Chapter 4 | Exercise 4
The nouns shaving and descriptor have very similar frequencies in the Corpus of Contemporary American English (COCA), namely, 513 and 515. Do you think these words are equally entrenched? Measure their dispersion with the help of DPs on the basis of the frequencies in Table 4.1.
Spoken | Fiction | Academic | Press | |
---|---|---|---|---|
shaving | 25 | 175 | 40 | 273 |
descriptor | 6 | 7 | 462 | 40 |
Create two vectors, shaving
and descriptor
, with the counts displayed in Table 4.1.
Compute the DPs and normalized DPs using the expected proportions exp_prop
from the case study of colour terms in Section 4.3. Do the results meet your expectations?
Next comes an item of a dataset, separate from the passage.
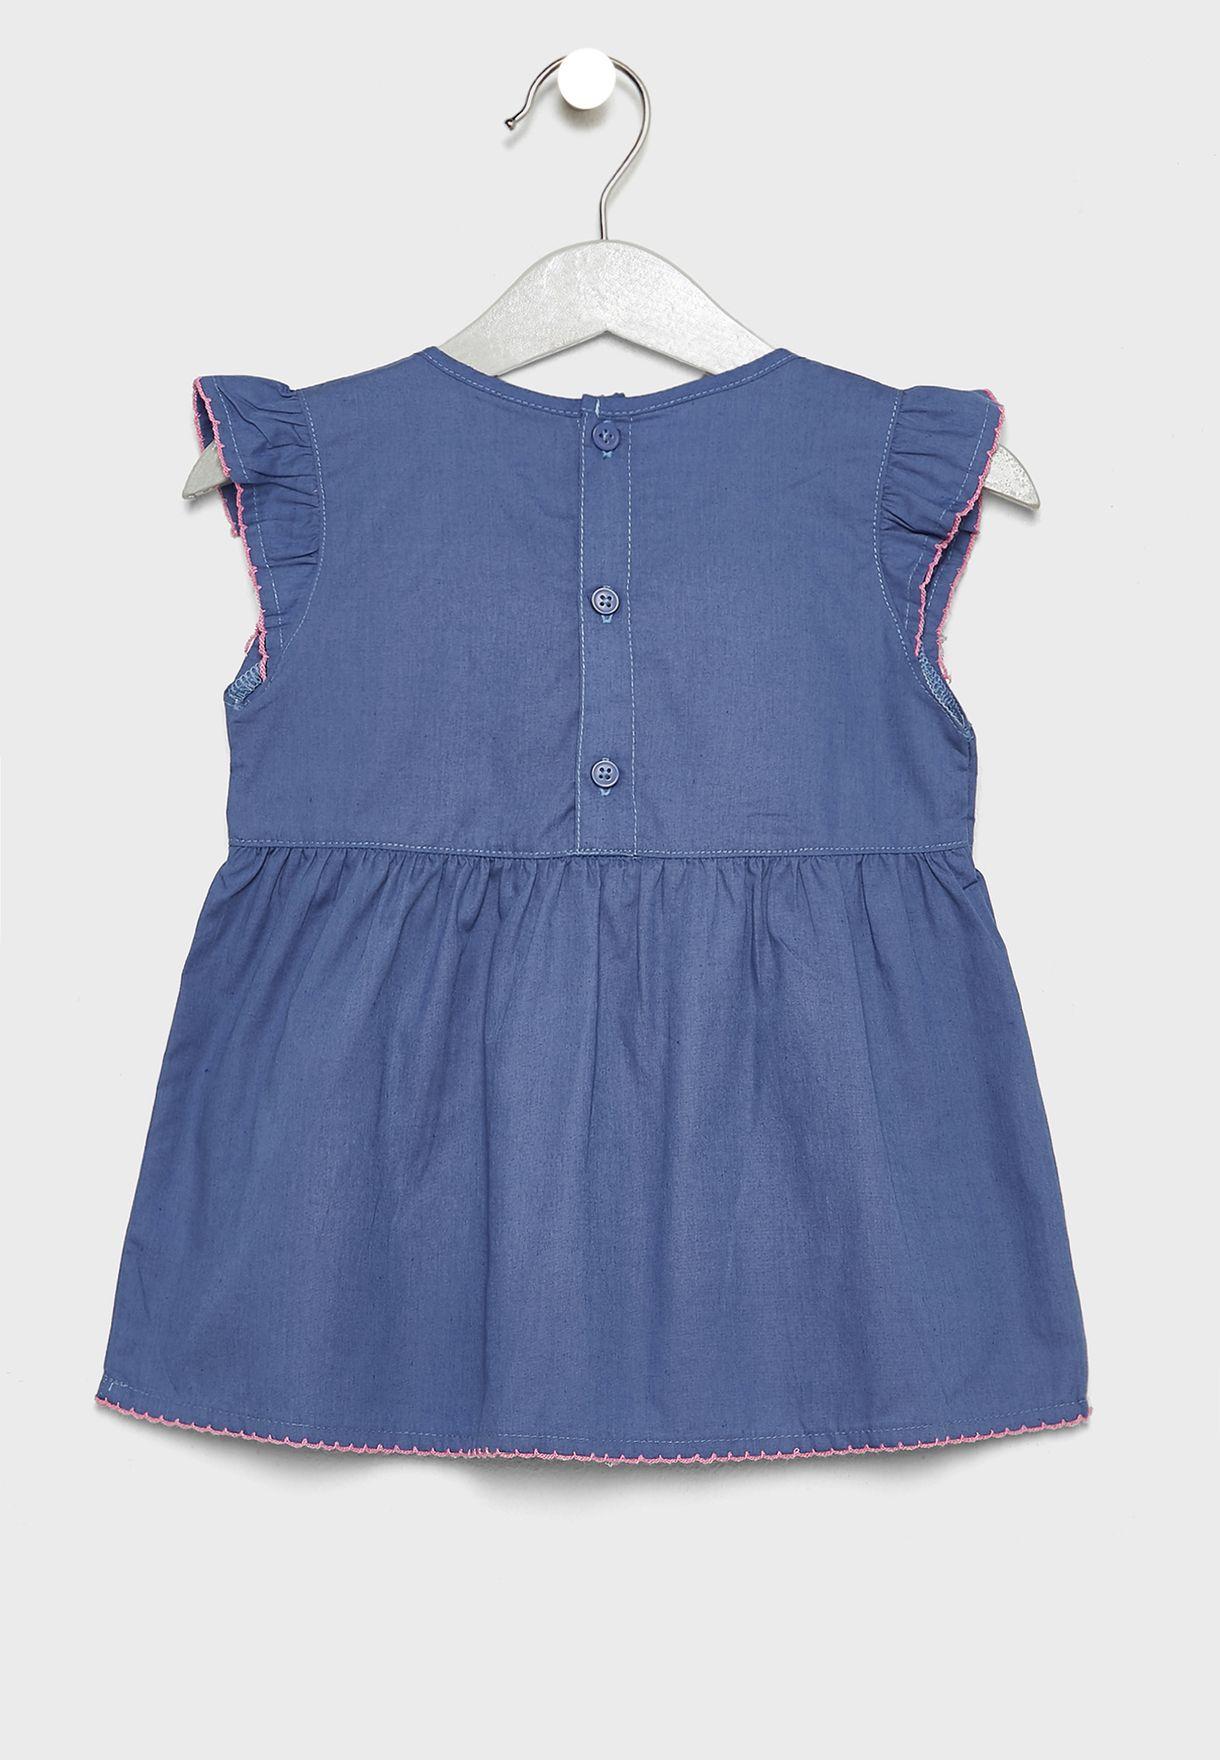 Infant Embroidered Dress + Leggings Set

Create two vectors with the corpus counts:
> shaving <- c(25, 175, 40, 273)
> descriptor <- c(6, 7, 462, 40)
To compute the DPs and normalized DPs, create the vectors with proportions of each word in the four registers:
> shaving_obs <- prop.table(shaving)
> shaving_obs
[1] 0.04873294 0.34113060 0.07797271 0.53216374
> descriptor_obs <- prop.table(descriptor)
> descriptor_obs
[1] 0.01165049 0.01359223 0.89708738 0.07766990
Next, compute simple DPs (see Section 4.3 on how to compute exp_prop):
> DP_shaving <- sum(abs(shaving_obs - exp_prop))/2
> DP_shaving
[1] 0.2750666
> DP_descriptor <- sum(abs(descriptor_obs - exp_prop))/2
> DP_descriptor
[1] 0.7008788
Finally, perform normalization:
> DP_shaving_norm <- DP_shaving/(1 - min(exp_prop))
> DP_shaving_norm
[1] 0.3415698
> DP_descriptor_norm <- DP_descriptor/(1 - min(exp_prop))
> DP_descriptor_norm
[1] 0.8703311
The noun descriptor has a much higher DP score than shaving, which means that it is less evenly distributed in different registers. Therefore, this word is less entrenched, in spite of the fact that the nouns have nearly equal corpus frequencies.